From first line to last, copy the listing exactly and omit its pictures.

- [DATASET CONTENT]
= Beginning of Section =
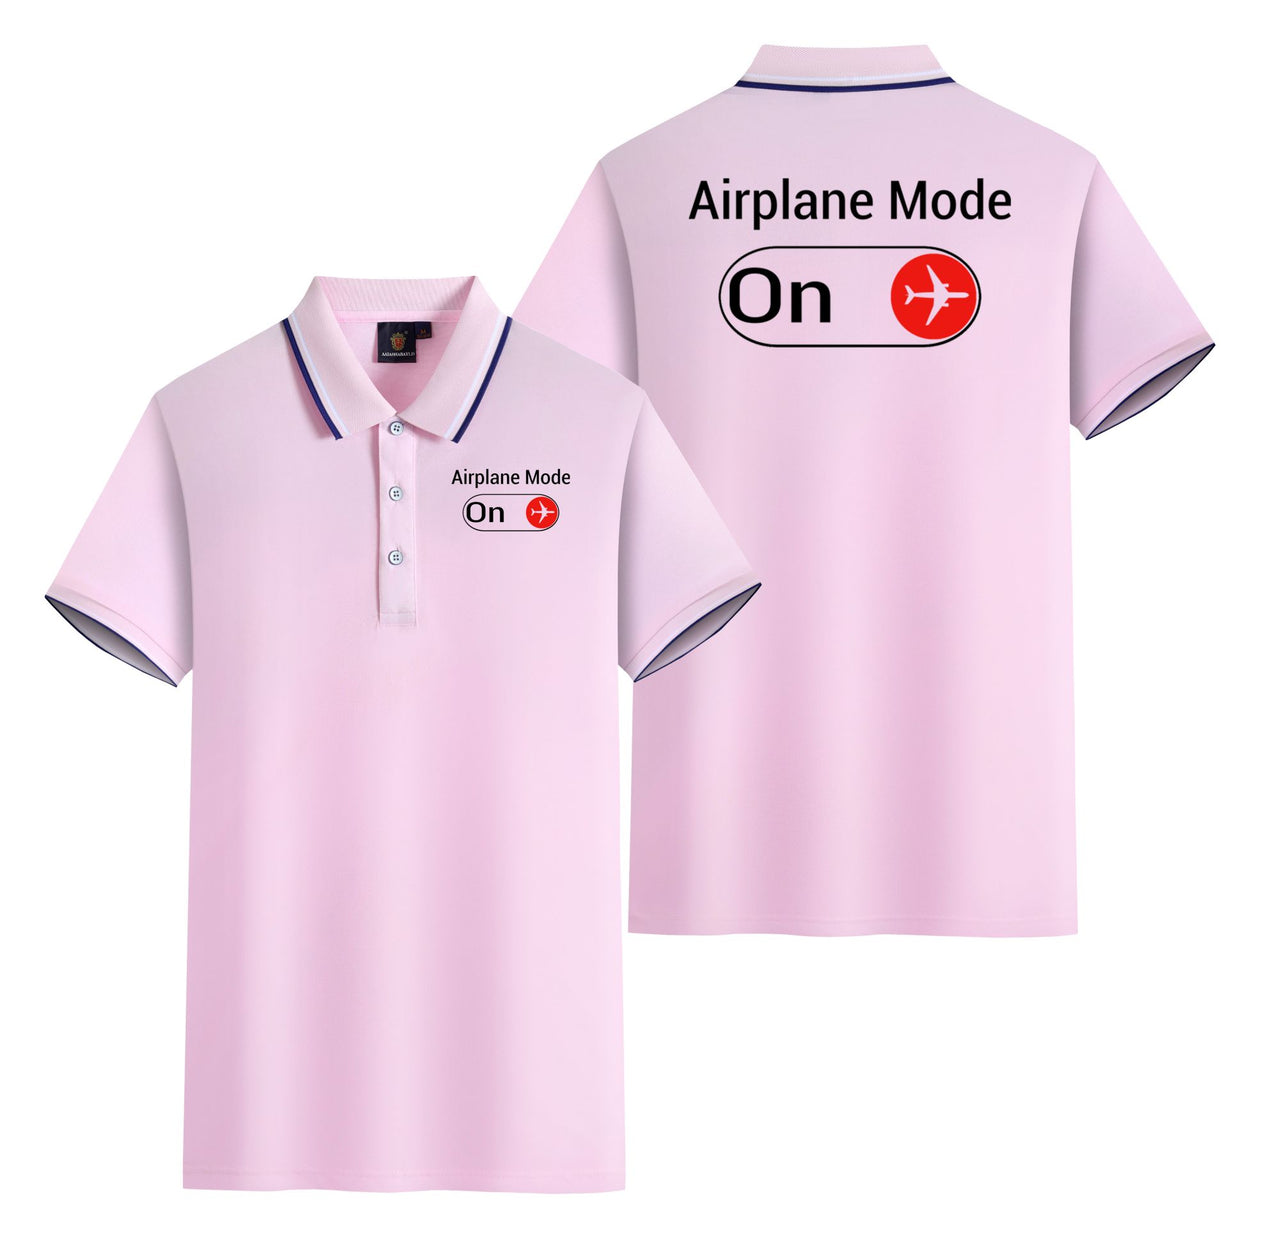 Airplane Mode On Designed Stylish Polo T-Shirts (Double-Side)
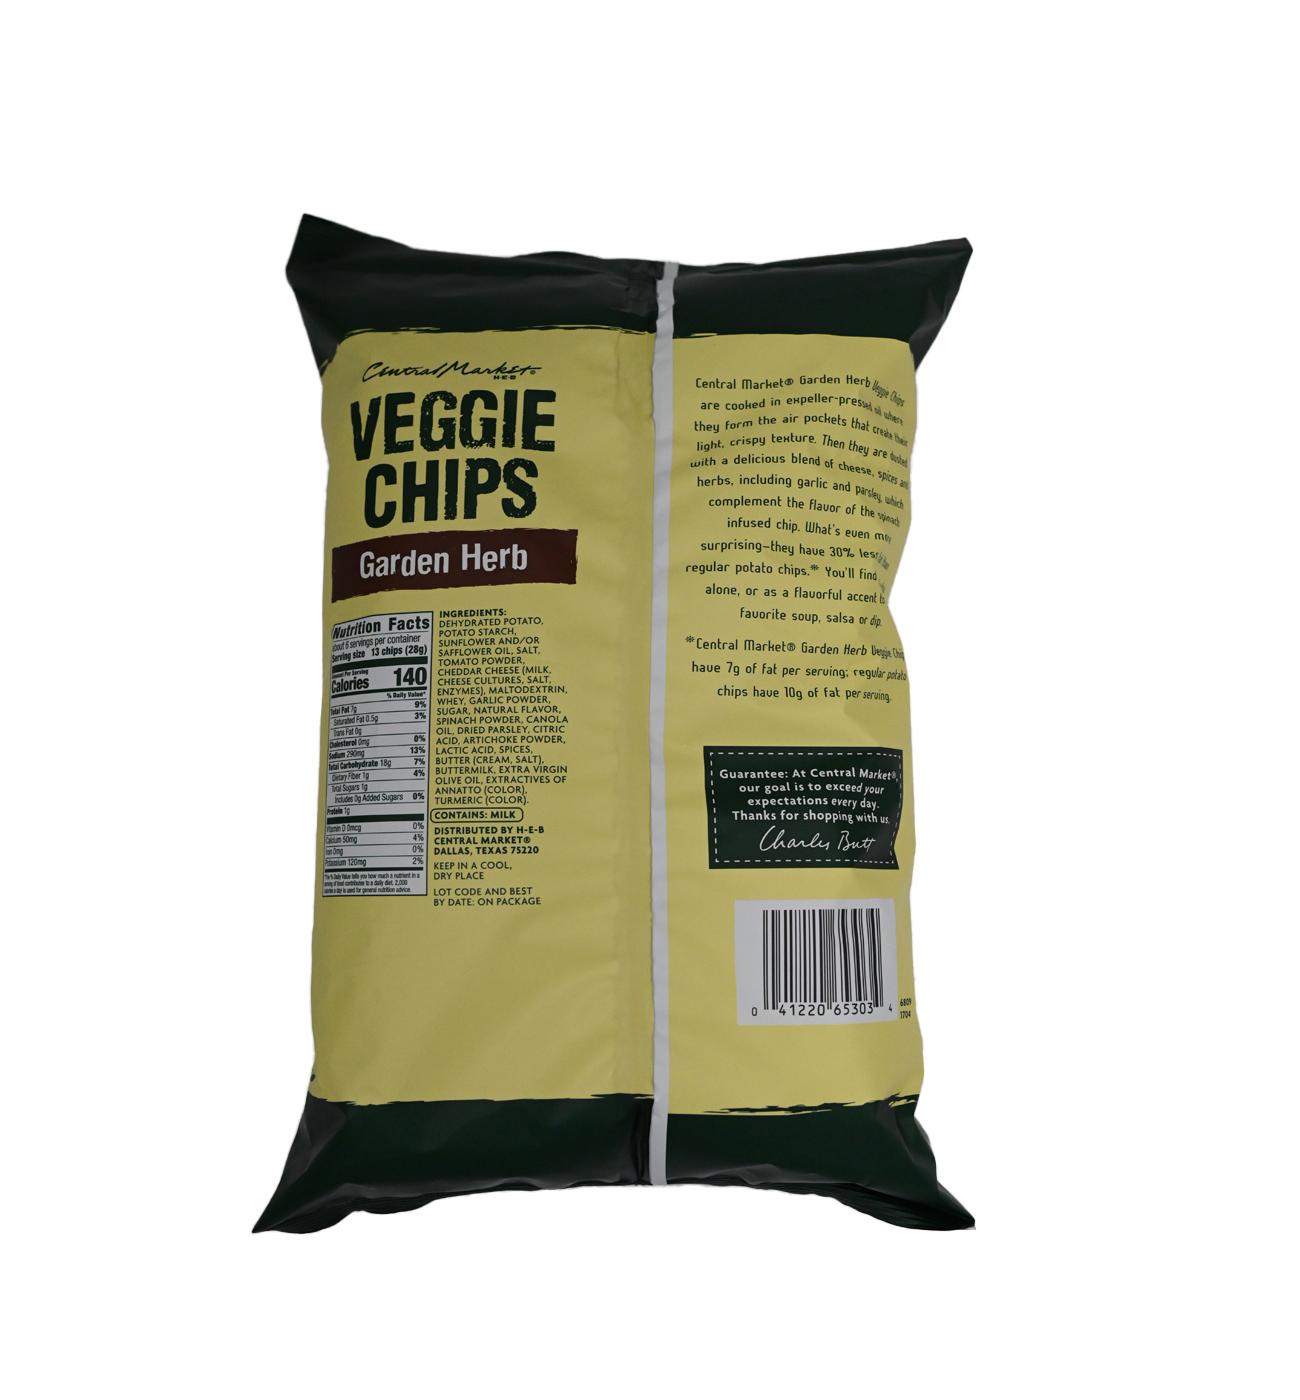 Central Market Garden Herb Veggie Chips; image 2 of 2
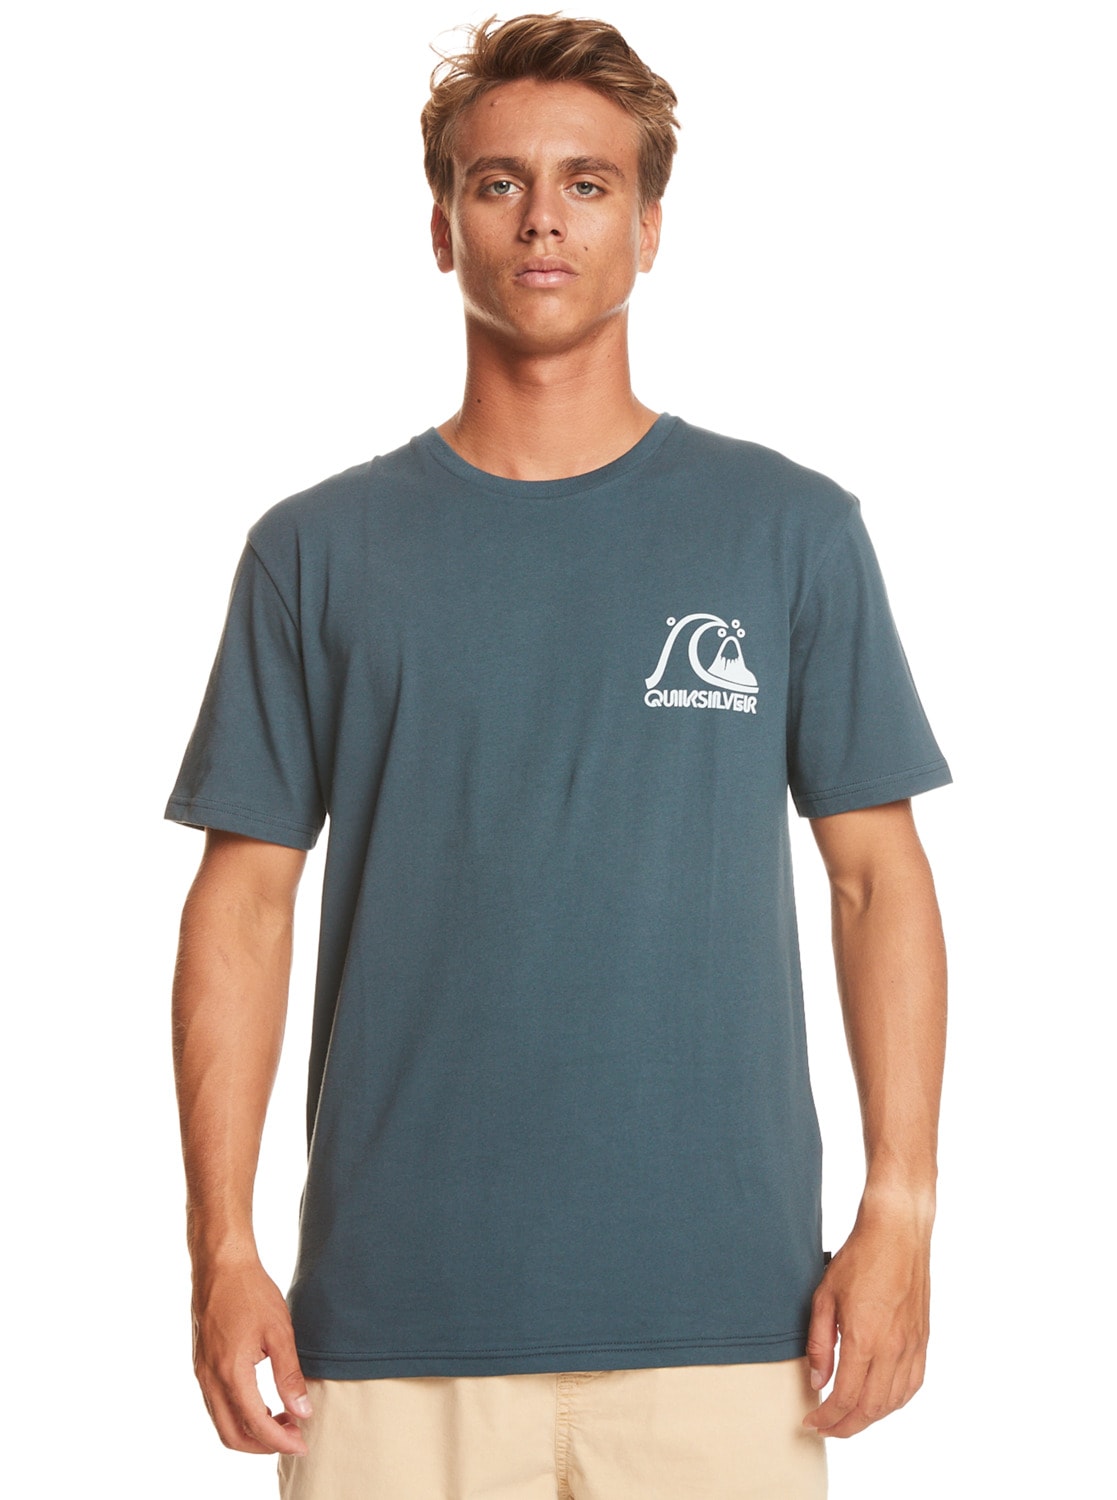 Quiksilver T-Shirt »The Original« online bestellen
= End of Section =
- [RESULT OF THE TASK]
 Airplane Mode On Designed Stylish Polo T-Shirts (Double-Side)
 Central Market Garden Herb Veggie Chips; image 2 of 2
 Quiksilver T-Shirt »The Original« online bestellen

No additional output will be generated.